How would I go about doing this?

 

[pka]

w = (m)*coth(z)
what is w as x → ± ∞ and |y| ≤ π/2
How would I go about doing this?

Can you tell us what \(\displaystyle (m)*\) is meant to be?
Is \(\displaystyle \coth(z)\) the complex hyperbolic cotangent function?
If so, is the imaginary part restricted to \(\displaystyle |y|\le \frac{\pi}{2}\) while \(\displaystyle x\to\pm\infty\)?

 

[Dr.Peterson]

What is coth(x+iy)?

 

[Raees]

Can you tell us what \(\displaystyle (m)*\) is meant to be?
Is \(\displaystyle \coth(z)\) the complex hyperbolic cotangent function?
If so, is the imaginary part restricted to \(\displaystyle |y|\le \frac{\pi}{2}\) while \(\displaystyle x\to\pm\infty\)?

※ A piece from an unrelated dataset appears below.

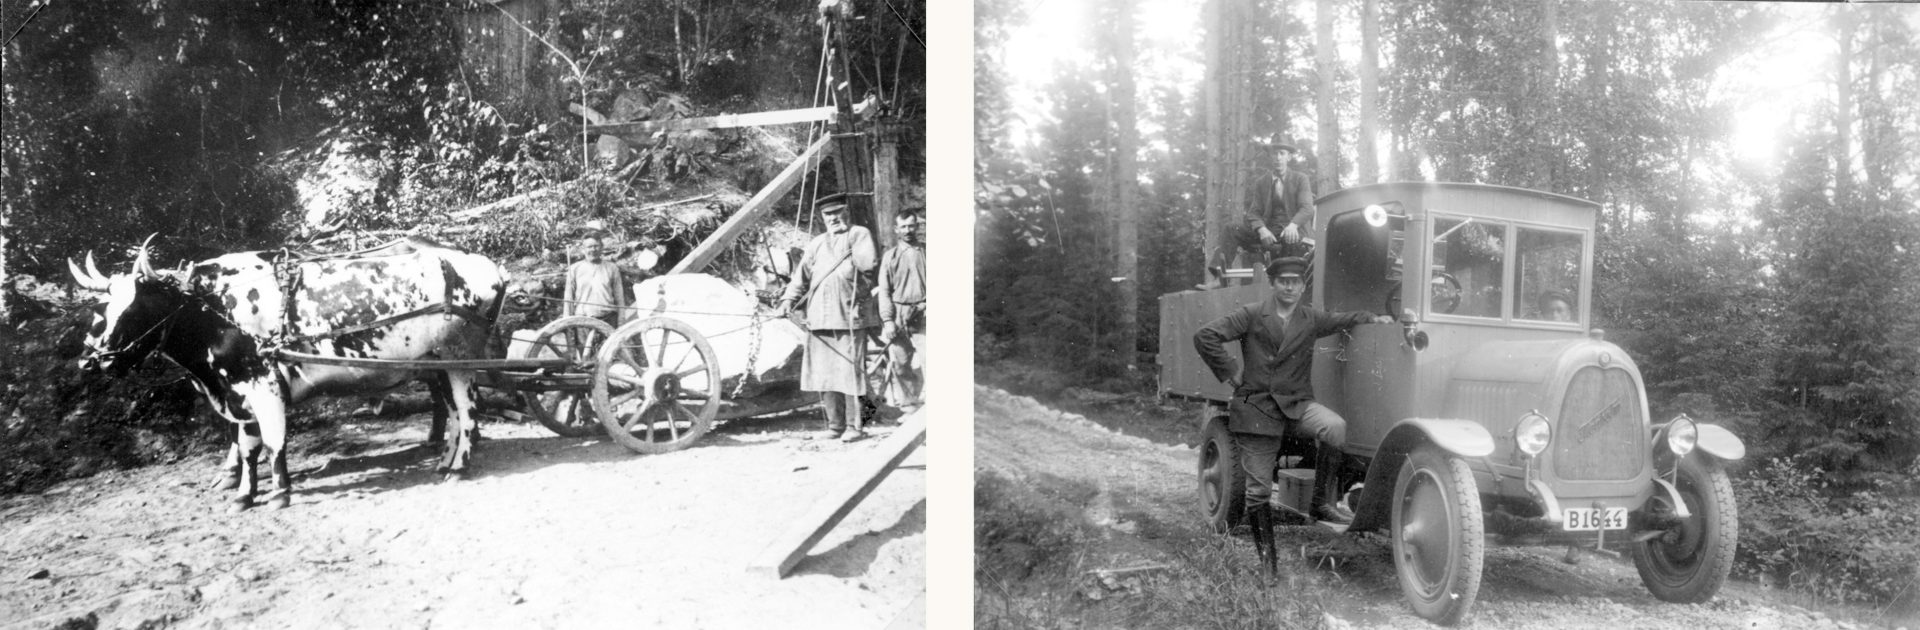 Två svartvita fotografier, en visar tre män invid en kärra förspänd med en oxe, den andra en ung man invid en lastbil.

m is just a real number constant.
Yes, it is the complex hyperbolic function.
Yes, that’s right about the restrictions.

Thanks

 

[Raees]

What is coth(x+iy)?

coth(x+iy) = (e^(2x)*e^(2iy) + 1)/(e^(2x)*e^(2iy) - 1)

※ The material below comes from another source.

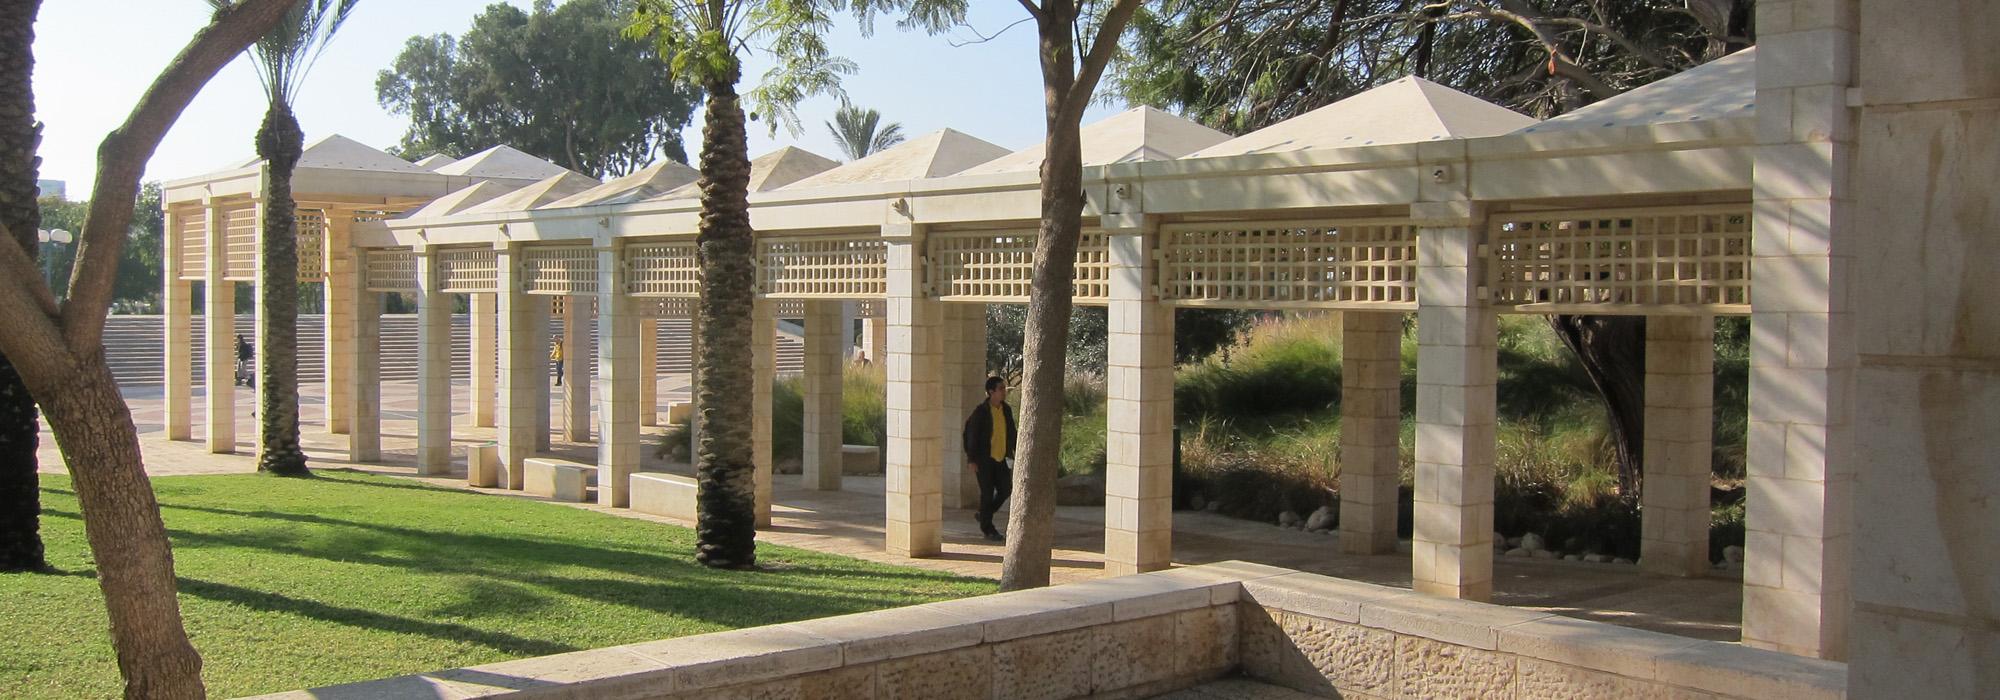 Kreitman Plaza, Be'er Sheva, Israel

Where would I go from here? I can do the limit as x→±∞. but y has a range of values, |y| ≤ π/2, so how would I approach the y value?

Thanks.

 

[HallsofIvy]

I would be inclined to divide both numerator and denominator by e^(2x) to get (e^(2iy)+ e^(-2x))/(e^(2iy)- e^(-2x)). As x goes to infinity (your problem says x→±∞ but in the first quadrant x can only go to +infinity) e^(-2x) goes to 0.